The course includes an introduction to the methods of modern statistics such as splines, general additive models, principal components analysis, and classifiers. Students learn resampling methods such as bootstrap, cross-validation, boosting, and bagging. Methods of model selection include search-and-score and regularization, and students practice communicating technical ideas to a non-technical audience, including via data visualization.
This course provides a hands-on introduction to the manipulation and visualization of complex data sets using a programming language. Efficient techniques for importing and exporting data in various formats, data acquisition, data integrity, and good analysis practices are discussed. Several programming tools and libraries are introduced to restructure, transform and fuse disparate data types for visualization and data summaries in table format. Basics of manipulating space-time data is also covered.
This course introduces software tools and data science techniques for analyzing big data. It covers big data principles, state-of-the-art methodologies for large data management and analysis, and their applications to real-world problems. Modern and traditional machine learning techniques and data mining methods are discussed and ethical implications of big data analysis are examined. May be offered in conjunction with CIS*6180.
This course emphasizes machine learning for sequential data processing. It covers common challenges and pre-processing techniques for sequential data such as text, biological sequences, and time series data. Students are exposed to machine learning techniques, including classical methods and more recent deep learning models, so that they obtain the background and skills needed to confront real-world applications of sequential data processing. May be offered in conjunction with CIS*6190.
This course introduces software tools and data science techniques for analyzing big geospatial data. An overview of raster-based geographic information systems (GIS) for identifying patterns and clusters in spatial-temporal data using state-of-the-art software and programming languages is provided. Concepts such as kriging/Gaussian processes, variograms and autoregressive correlation structures are discussed. Data summaries and visualizations specific to spatial-temporal problems are introduced.

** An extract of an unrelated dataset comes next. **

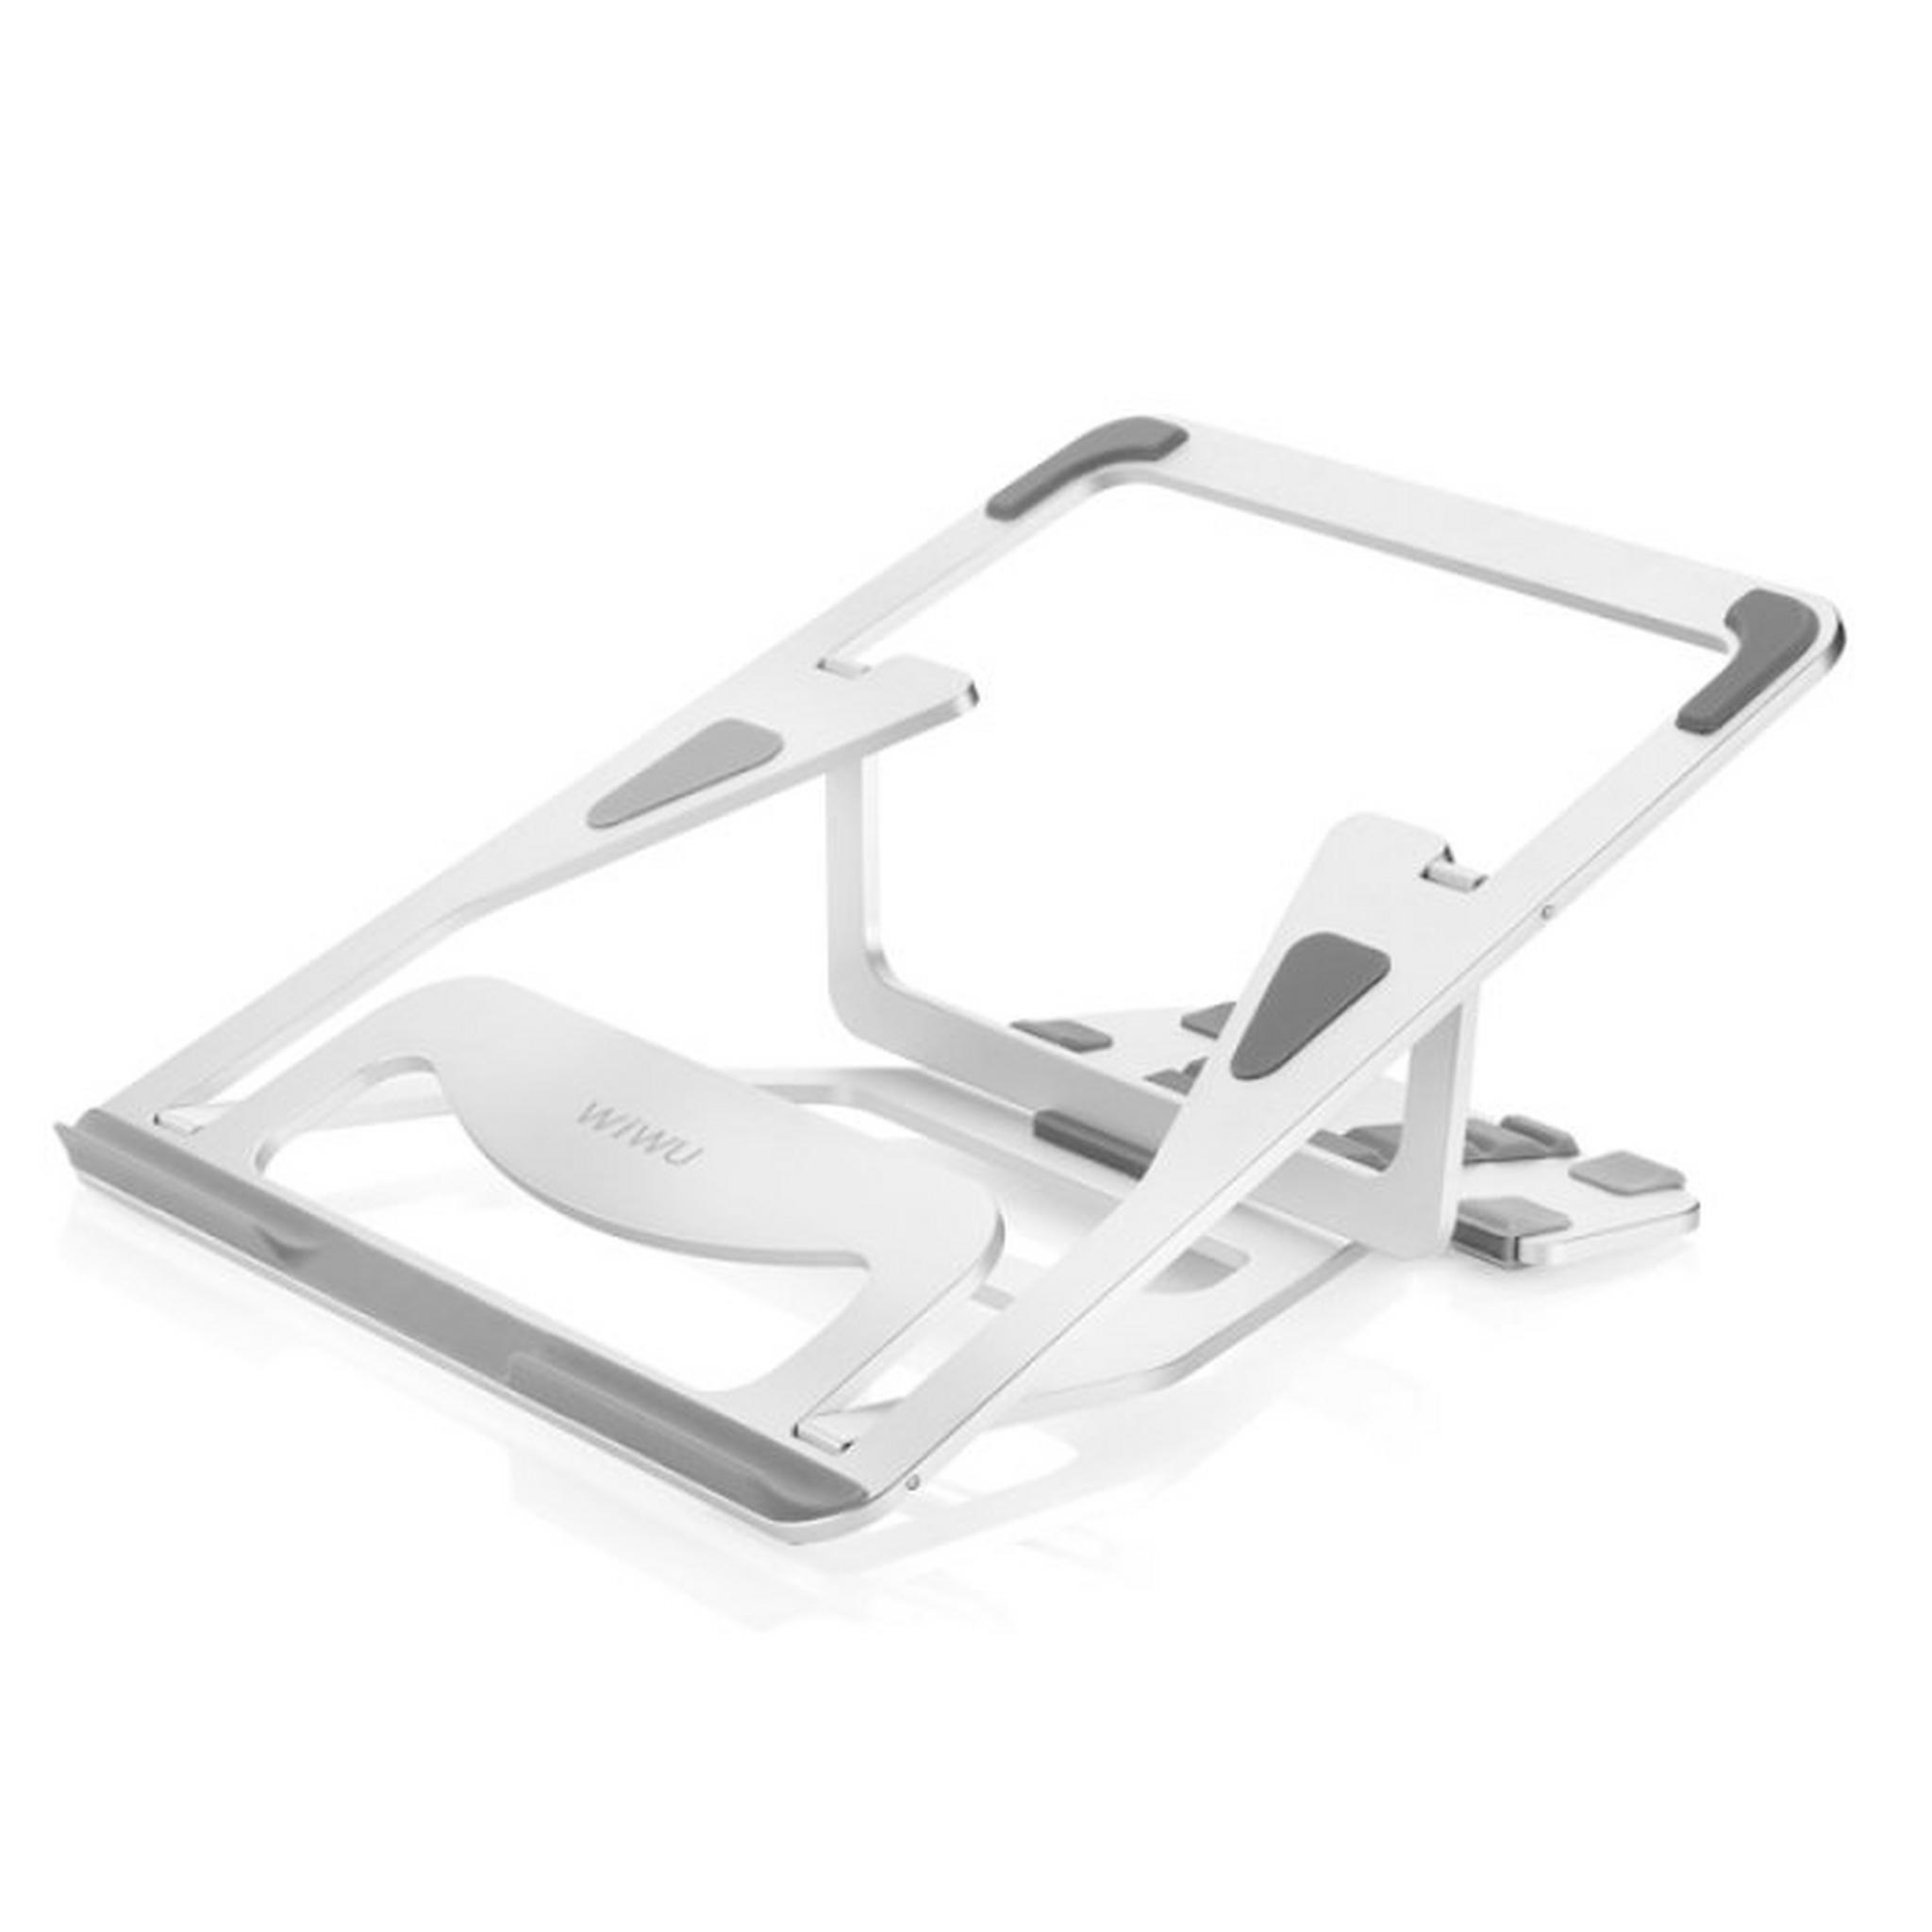 Wiwu S100 Loha Stand for 11.6 to 15.4 inch Laptops/MacBooks - Silver

This interdisciplinary team-taught seminar course provides students the opportunity to synthesize information, research methods, and present cutting-edge applications of data science. Learning outcomes include identifying reliable sources, understanding and presenting relevant contemporary data science methods, thinking critically about practical implementations of data science, and effective peer collaboration. Emphasis is placed on effectively communicating technical content and insights to a non-technical audience.

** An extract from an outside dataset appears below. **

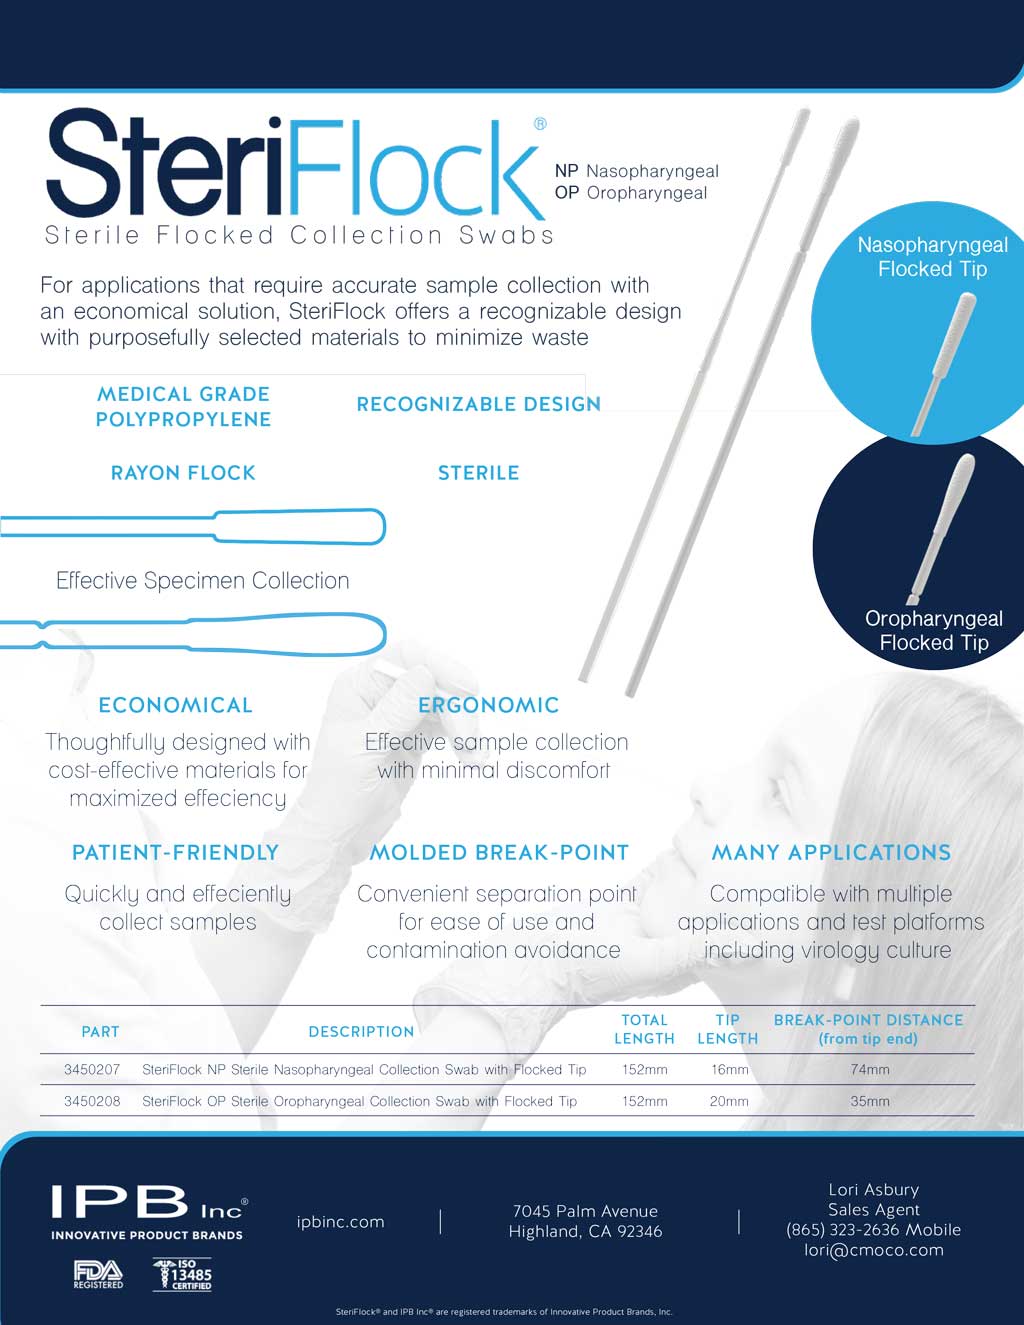 This SteriFlock Sell Sheet provides an overview of the medical testing swabs available through CMOco.

This course is a one-semester research project course for students in the Master of Data Science program. In this course, students plan, develop, and write a faculty- or industry-led research paper, as well as present on their work. The project should advance knowledge or practice in data science or a closely related area, and address a real-world problem faced by industry. The project should focus on data science in the spatial and temporal dimension(s), to be approved by the course instructor.